> _Assignment_
The answer should be the exact lines from the line containing "Palisade Rx Pharmacy" through the last line of the material below, with no pictures.

> _Source material_
# # # # # # #

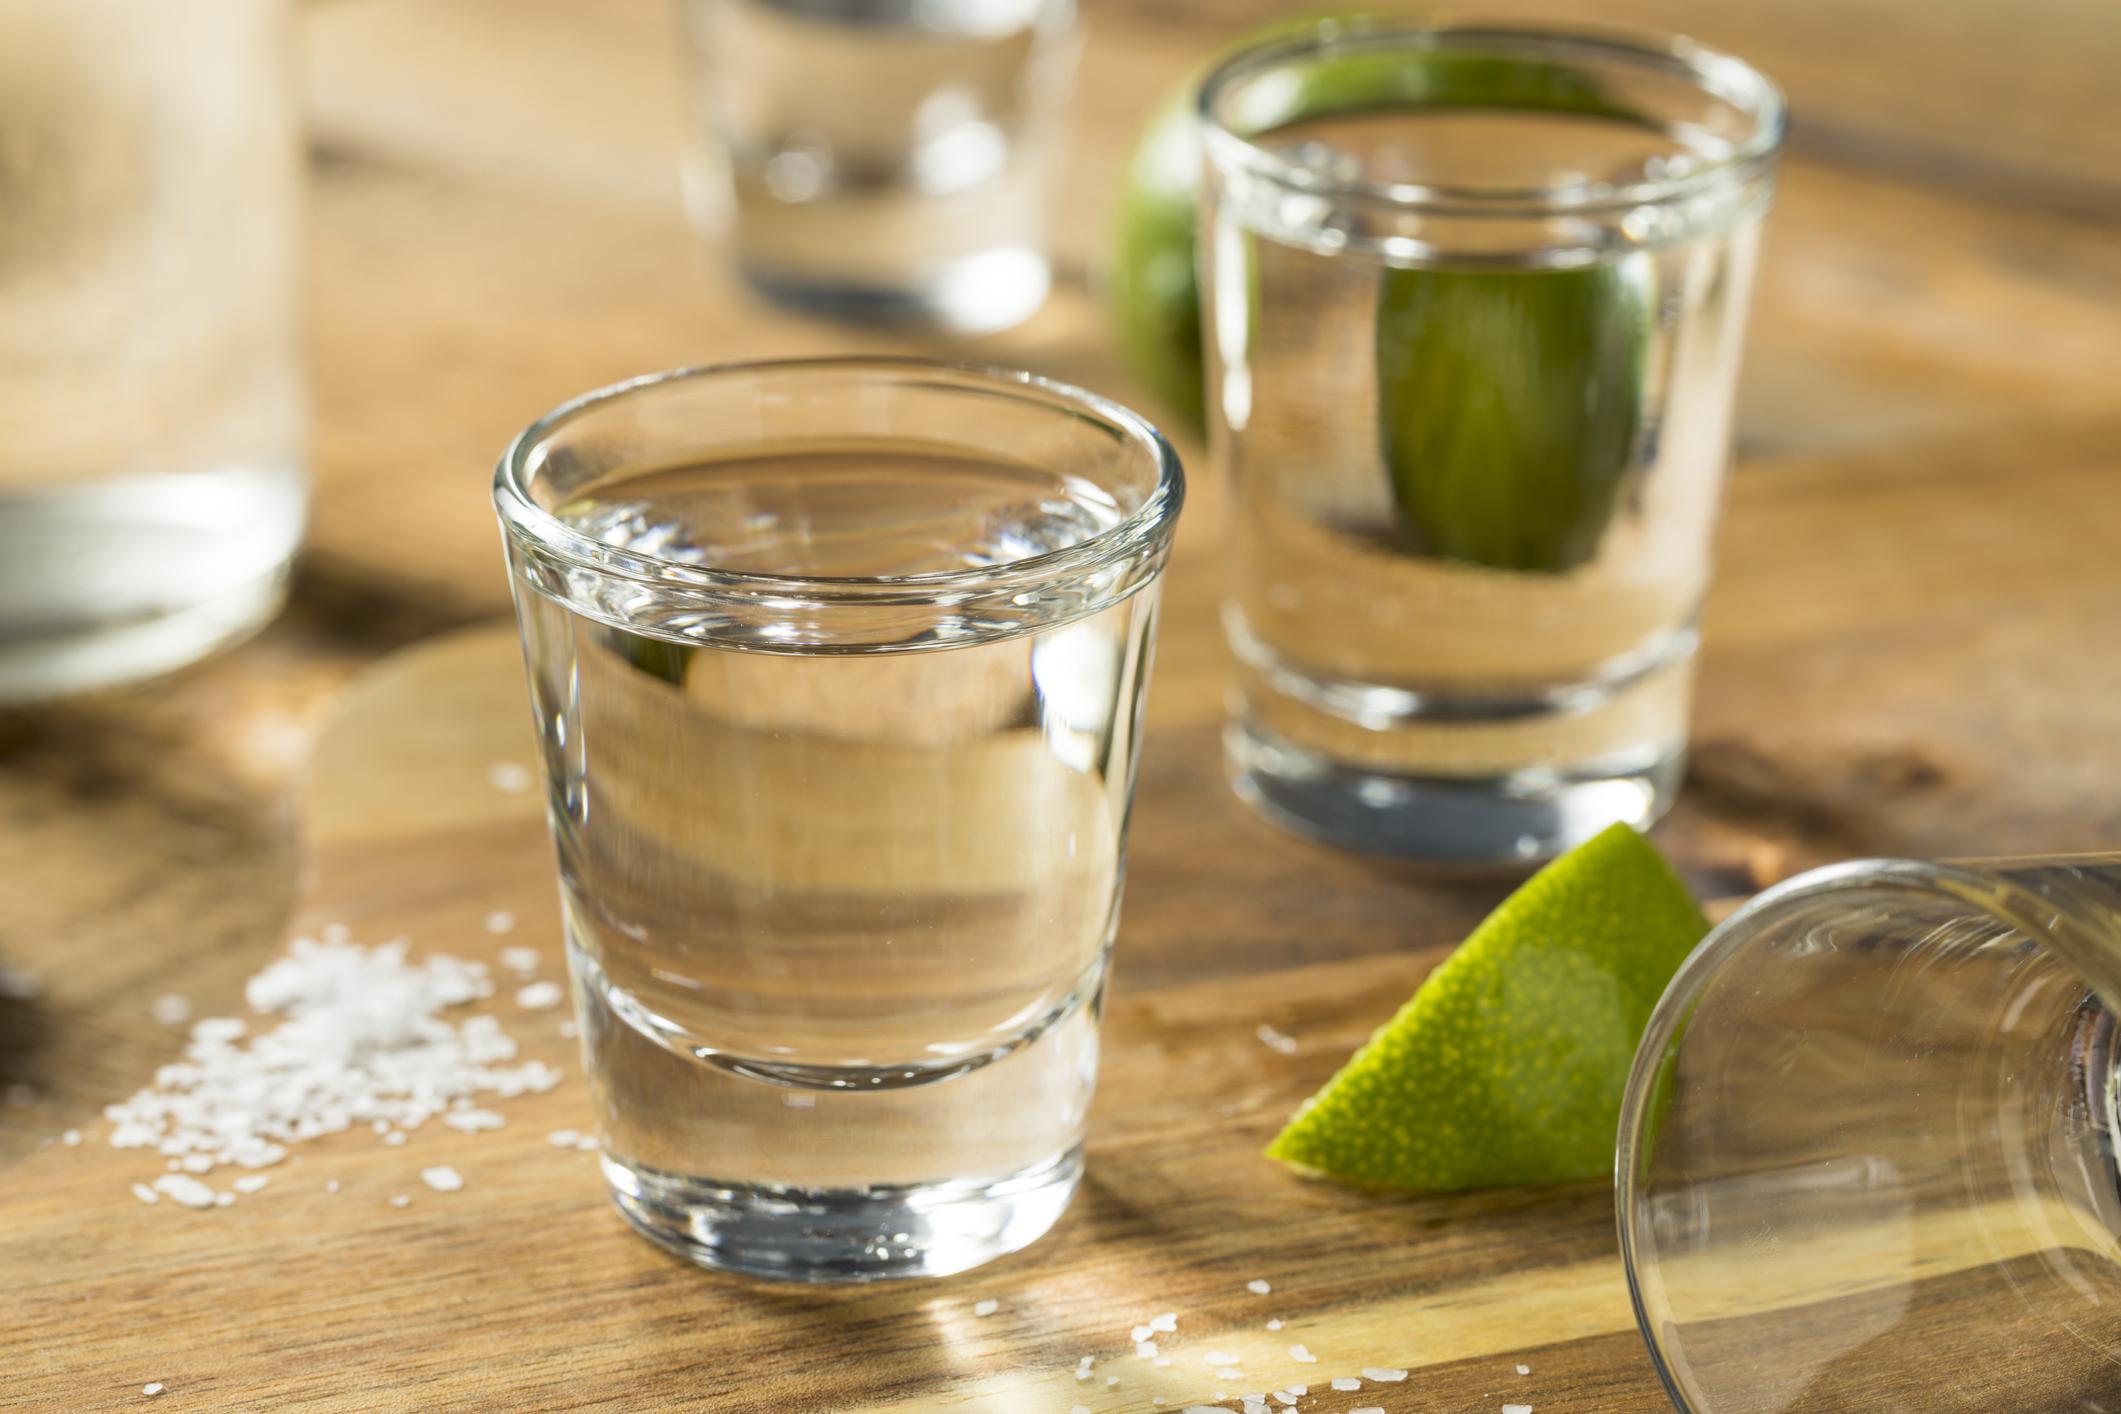 Pernod Ricard Forms Partnership With Super-premium Mezcal Ojo De Tigre photo
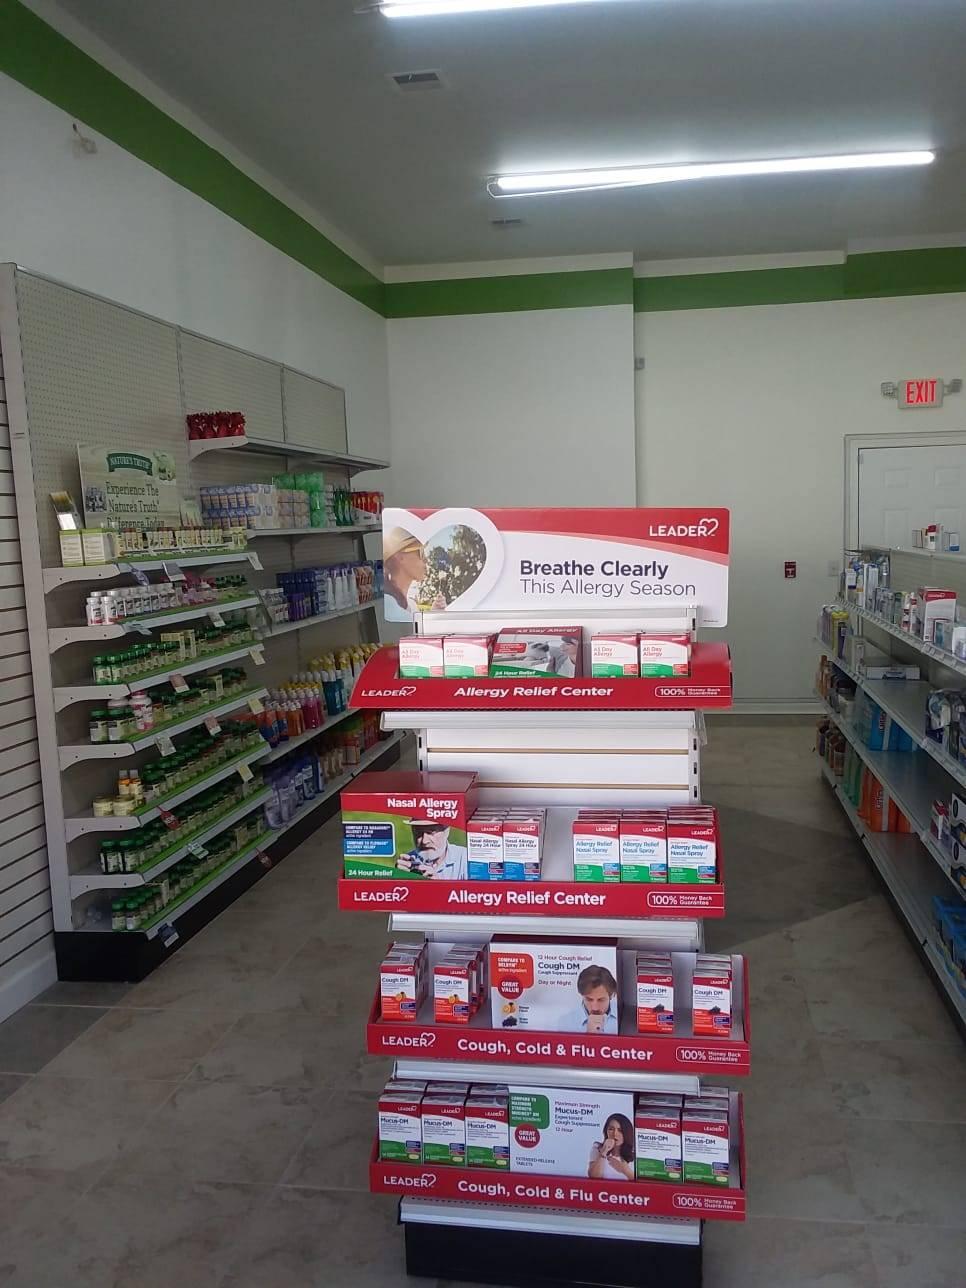 Palisade Rx Pharmacy - pharmacy  | Photo 4 of 14 | Address: 296 Palisade Ave, Jersey City, NJ 07307, USA | Phone: (201) 292-1517
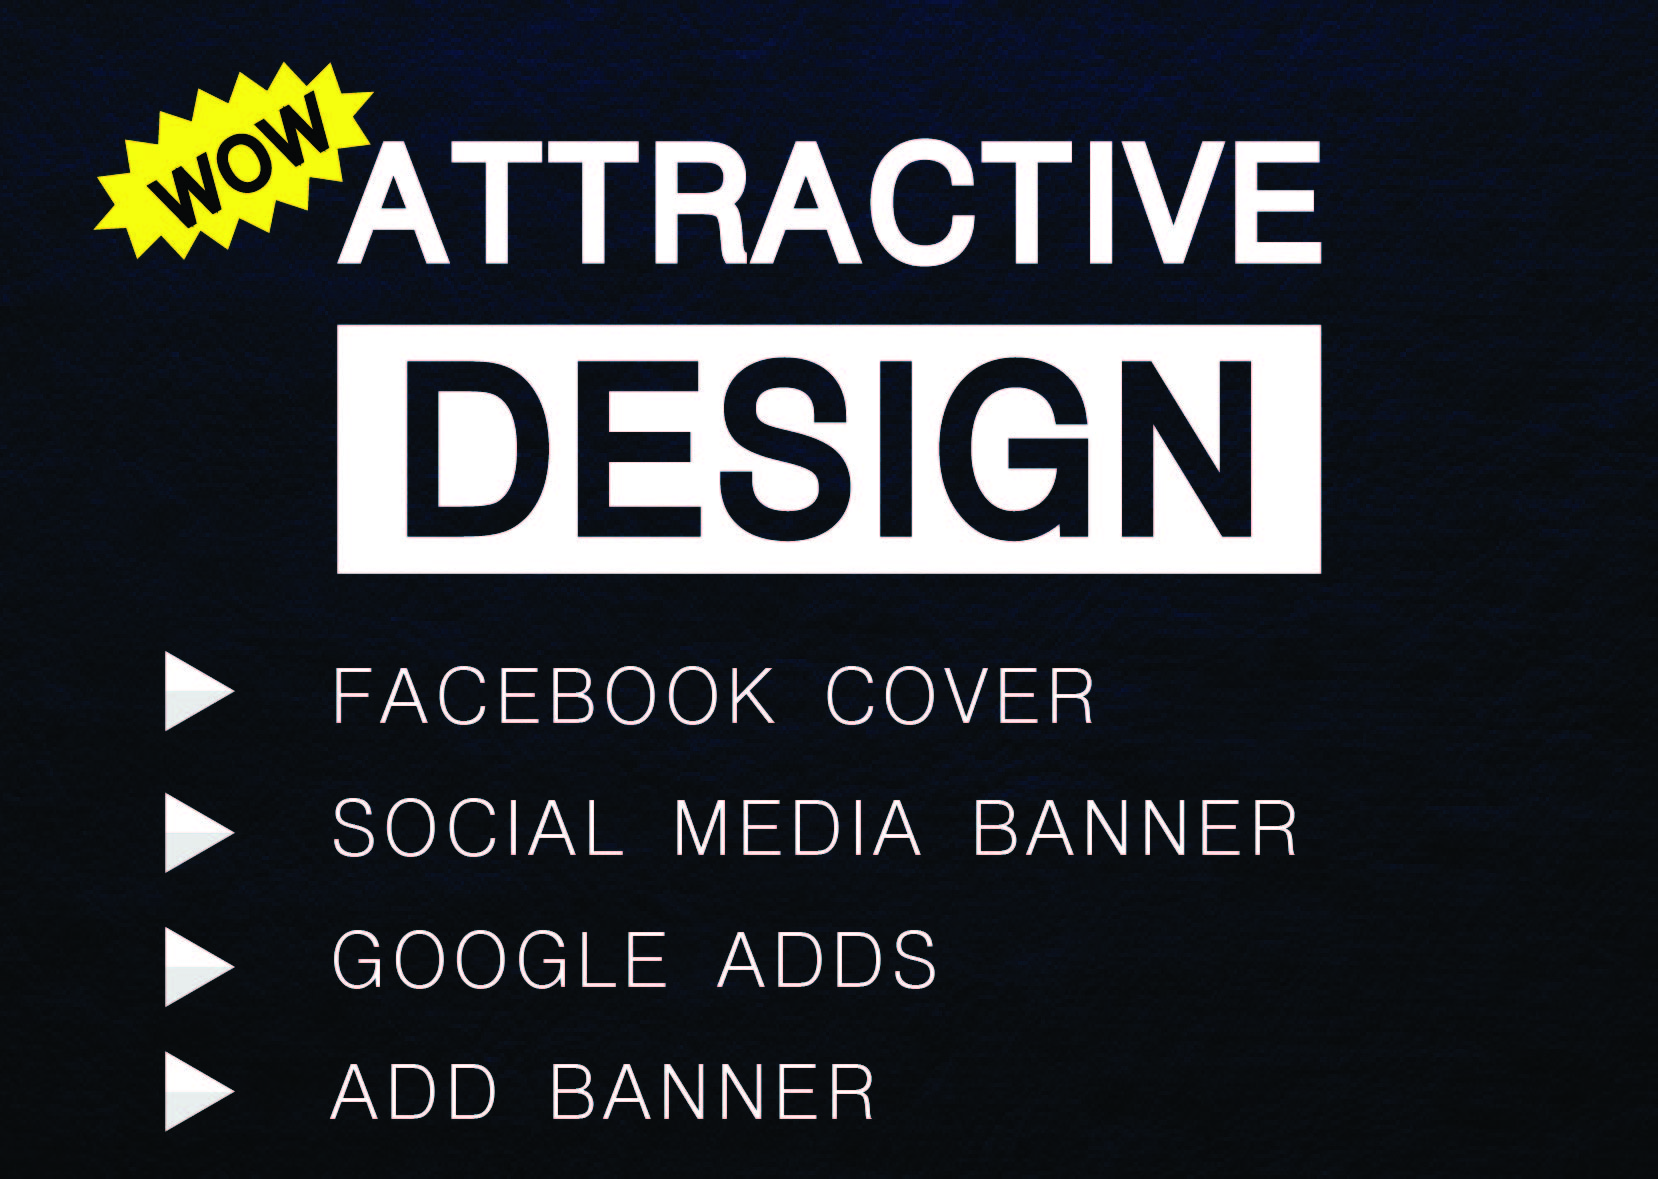 I will create 3 unique Social post and Facebook cover design

# # # # # # #

> _Exercise output_
 Palisade Rx Pharmacy - pharmacy  | Photo 4 of 14 | Address: 296 Palisade Ave, Jersey City, NJ 07307, USA | Phone: (201) 292-1517
 I will create 3 unique Social post and Facebook cover design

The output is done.